WASHINGTON — The U.S. Postal Service finished 2003 with a $3.9 billion surplus, which will help keep postal rates where they are until 2006, postal officials said Tuesday.
The bottom line was $300 million better than had been expected for the 2003 fiscal year, which ended in September. Nearly all of the surplus was used to reduce the agency’s outstanding debt.
The results will enable the post office to "help keep the commitment to hold the current rates stable through 2006," Postmaster General John Potter told the agency’s board of governors.
Chief financial officer Richard Strasser said the results were achieved despite a decline in first-class mail and noted that the post office had been able to make significant savings through a reduction in staff and other cost-cutting.
The post office had a net income from operations of $900 million, Strasser said. And a change in the law that allowed the agency to stop overpaying into retirement accounts increased its net income by an addition $3 billion.
That brought the total net for the year $3.9 billion, and $3.8 billion of that was used to reduce the agency’s debt from $11.1 billion to $7.3 billion as of Sept. 30, Strasser said.
Overall, the post office had revenues of $68.5 billion for the year, Strasser said.
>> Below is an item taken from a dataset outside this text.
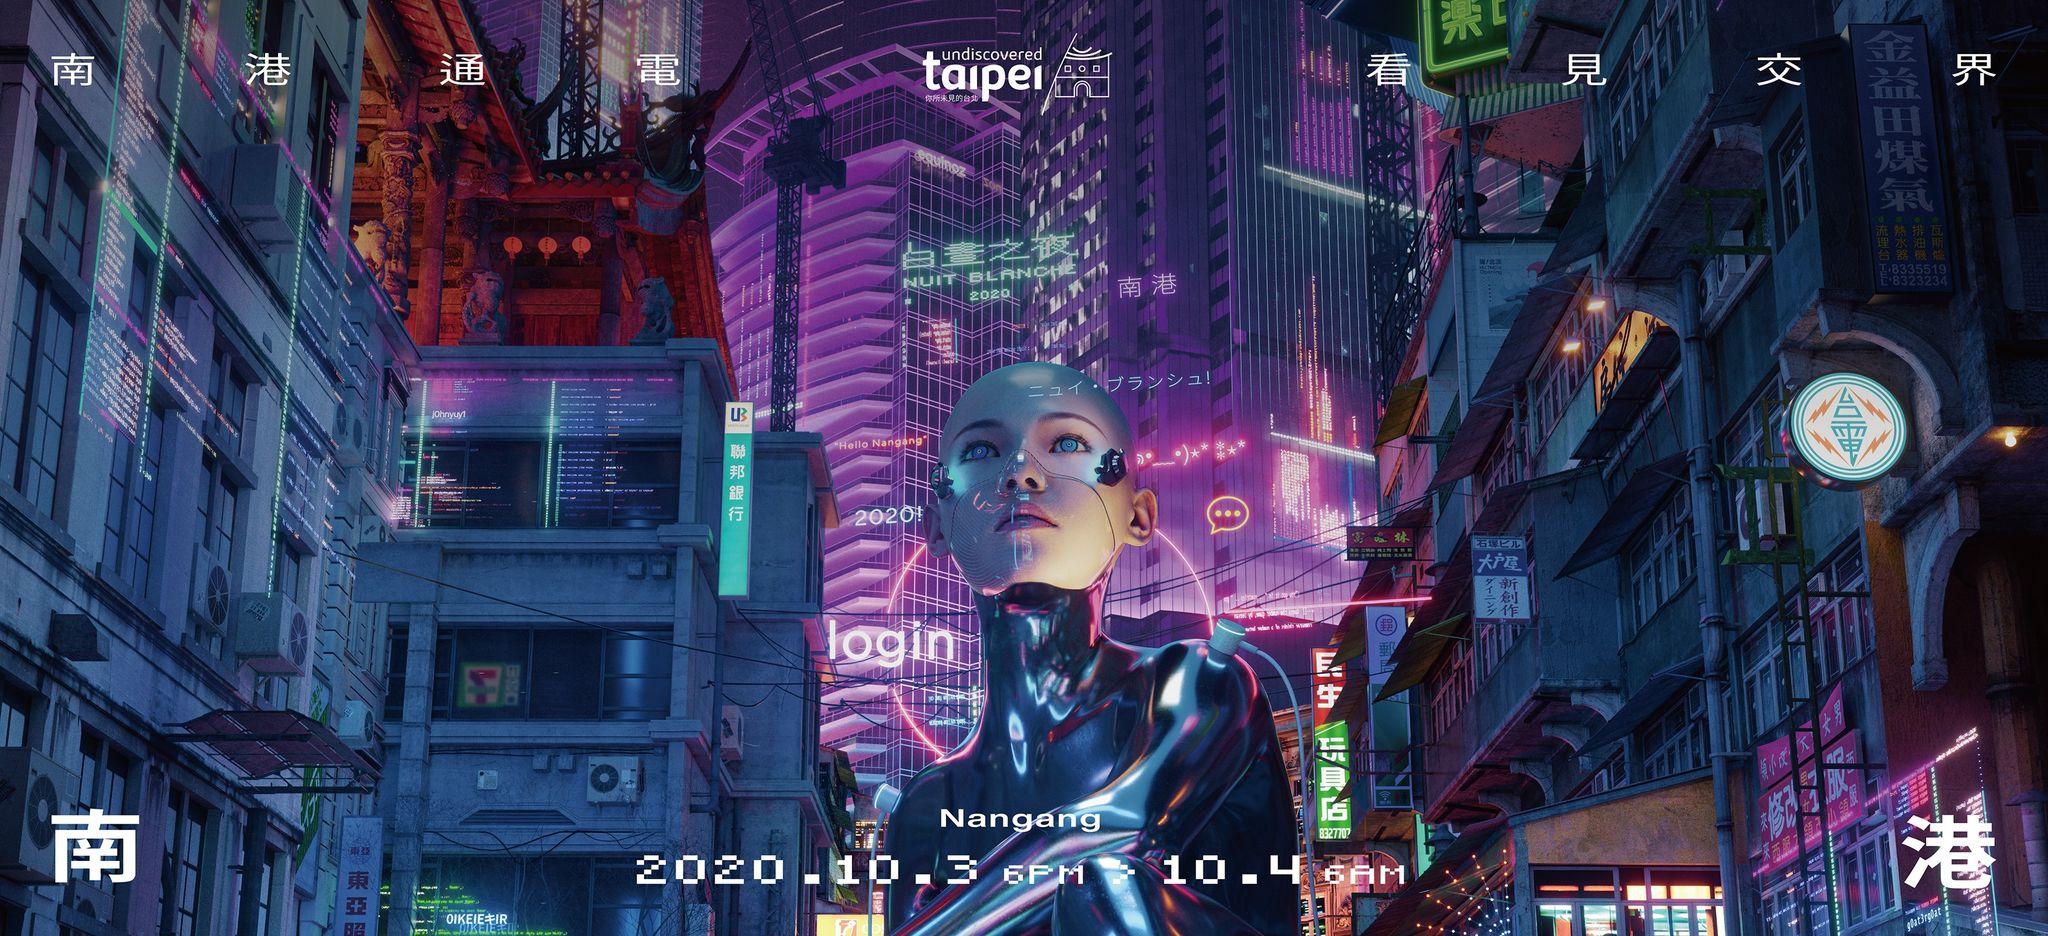 【 2020臺北白晝之夜 Nuit Blanche Taipei |10/03 – 10/04 】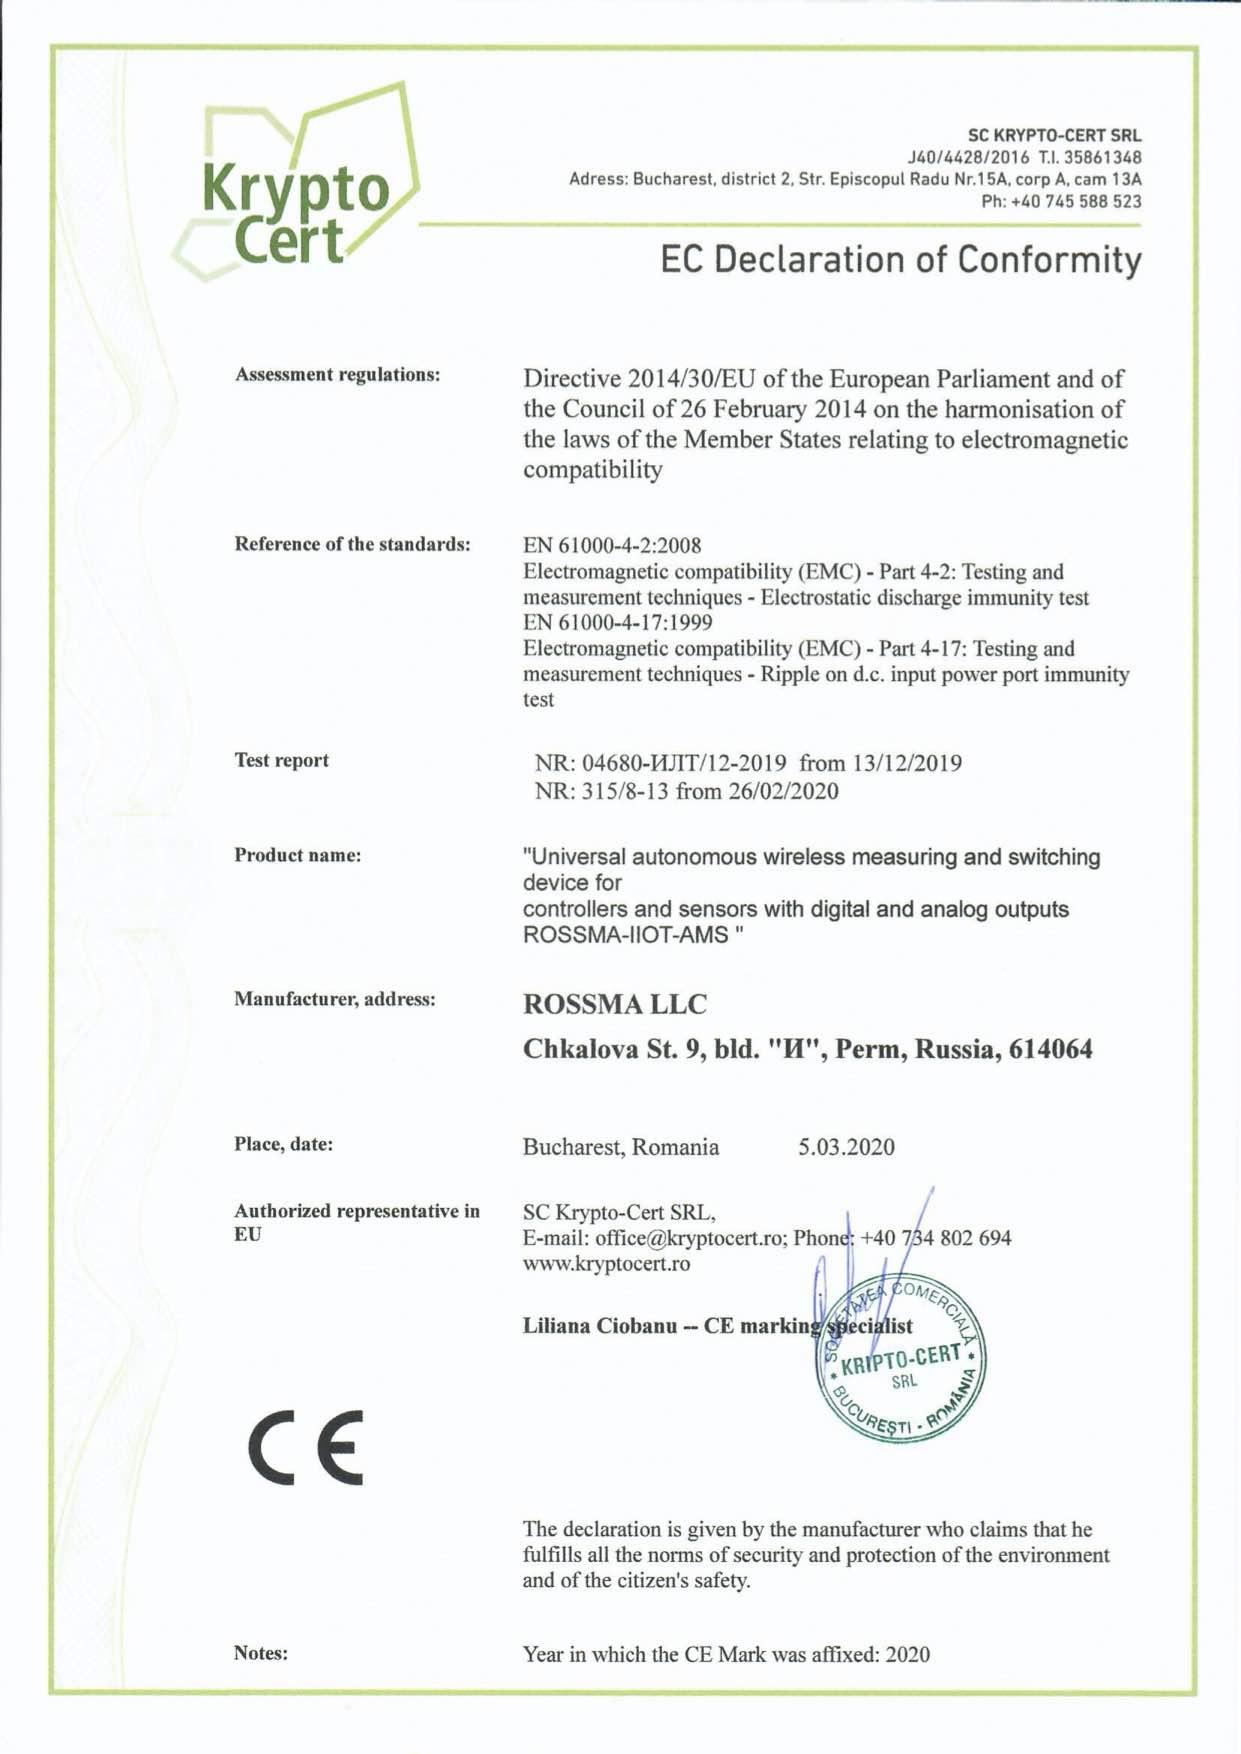 Декларация EC о соответствии  стандартам, нормам и директивам Европейского Союза

He noted that the agency had been able to reduce its work force by the 24,000 workers without layoffs, resulting in a significant savings in salary paid.
The agency has been plagued by losses in the last couple of years as mail volume dwindled in the wake of the terrorist attacks, the anthrax scare and the weak economy. That led to a rate increase last year to the current 37 cents.
Total mail volume in 2003 declined by about 600,000 pieces, the second straight year that mail volume fell. "This year’s increase in advertising mail and packages did not provide us with as much revenue as the same amount of first-class mail would have," Strasser said.
Strasser said that while postal finances look good in the near term, "continued declines in first-class mail volumes, continued growth in delivery addresses," and changes in the marketplace threaten the ability to finance the agency in the future.
He noted, for example, that although mail volume declined in the year, the post office added 1.8 million new addresses to which it has to deliver mail. The Postal Service has also been hampered by limits on its ability to change prices and add services in the marketplace and has sought more flexibility by seeking changes in the law under which it operates.
A presidential commission recommended several changes in a report issued last summer, and on Monday the Bush administration urged Congress to take up the issue and rewrite the postal operating law.